Wednesday, April 7, 2010

Sometimes ya just need your mom

Yup... sometimes ya just need your mom, no matter how old you are. I finally got to talk to my mom today. I hadn't spoken to her in a week.... missing each other when I called. It was so good to talk to her. She just makes me feel better. She gave me some good advice with Devin... and just made my problems seem like nothing I can't handle. Devin had a pretty good day yesterday (after my "stressed" blog)and a better day today. I feel much better today. Like a big weight has been lifted off my shoulders. She is eating better and is happier. Thus, I feel better and feel happier.

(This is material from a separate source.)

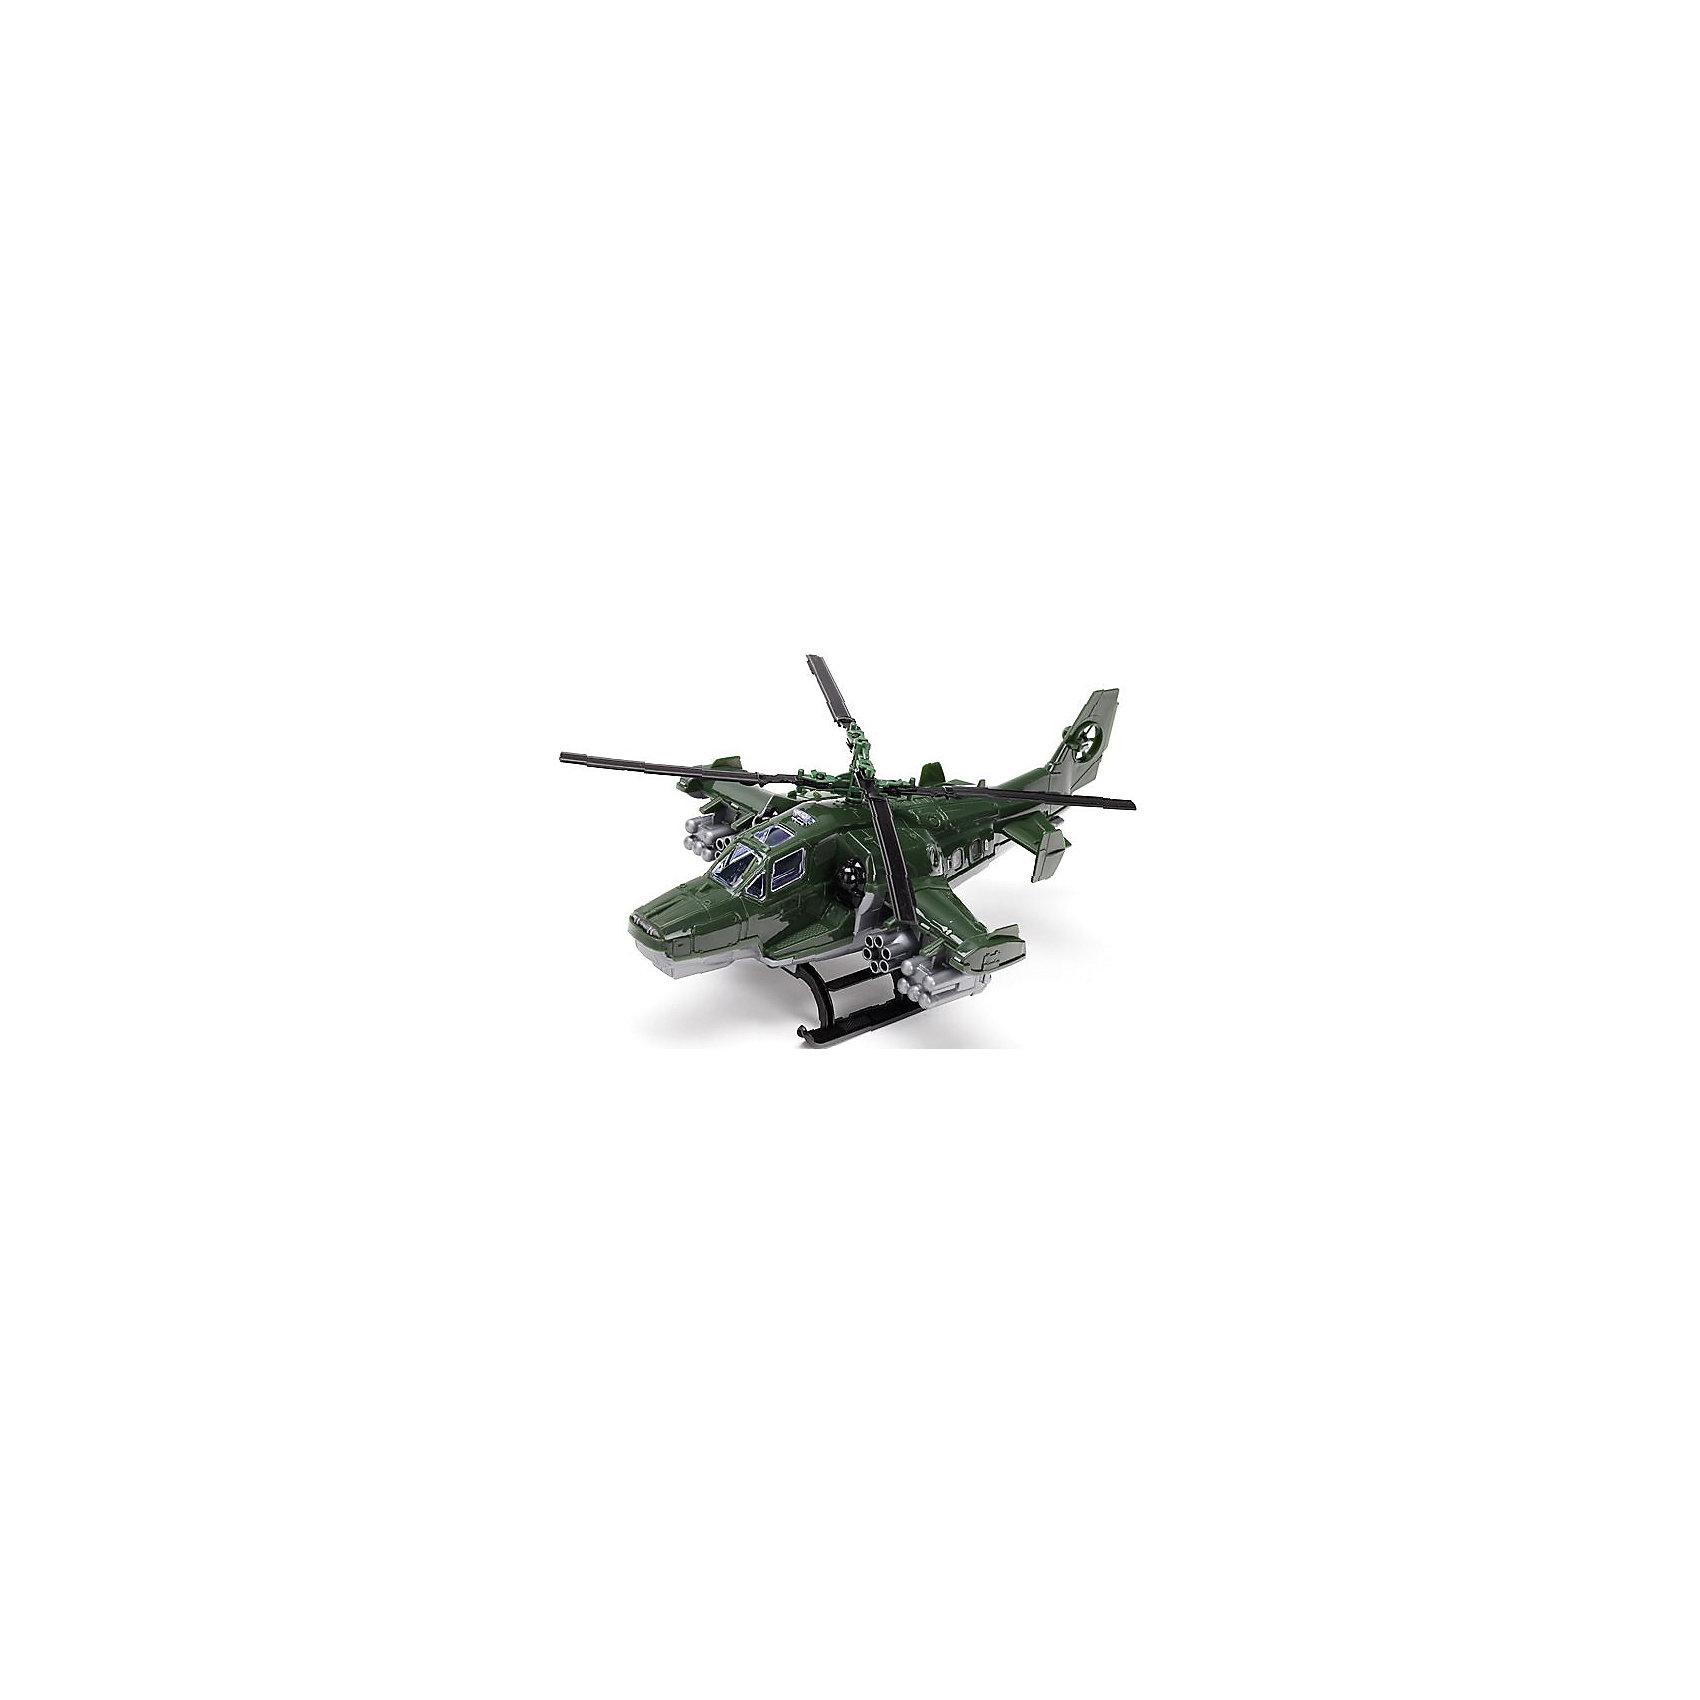 Вертолет Военный, НордпластСамолёты и вертолёты<br>Вертолет Военный<br><br>Ширина мм: 155<br>Глубина мм: 270<br>Высота мм: 400<br>Вес г: 290<br>Возраст от месяцев: 36<br>Возраст до месяцев: 84<br>Пол: Унисекс<br>Возраст: Детский<br>SKU: 4642065

Talking to my mom is bittersweet. We laugh, we cry. We talked about my dad... my mom got over 100 cards saying what a great guy he was...always happy, smiling and upbeat. It made my mom proud. I talked to her about a dream I had the other night about my dad... I could see him and we were talking. It seemed so real. Then, in my dream, I realized it wasn't real and started sobbing in my dream. Then, I woke up and was sad. We both talked about how my dad being gone seems like a dream we should wake up from.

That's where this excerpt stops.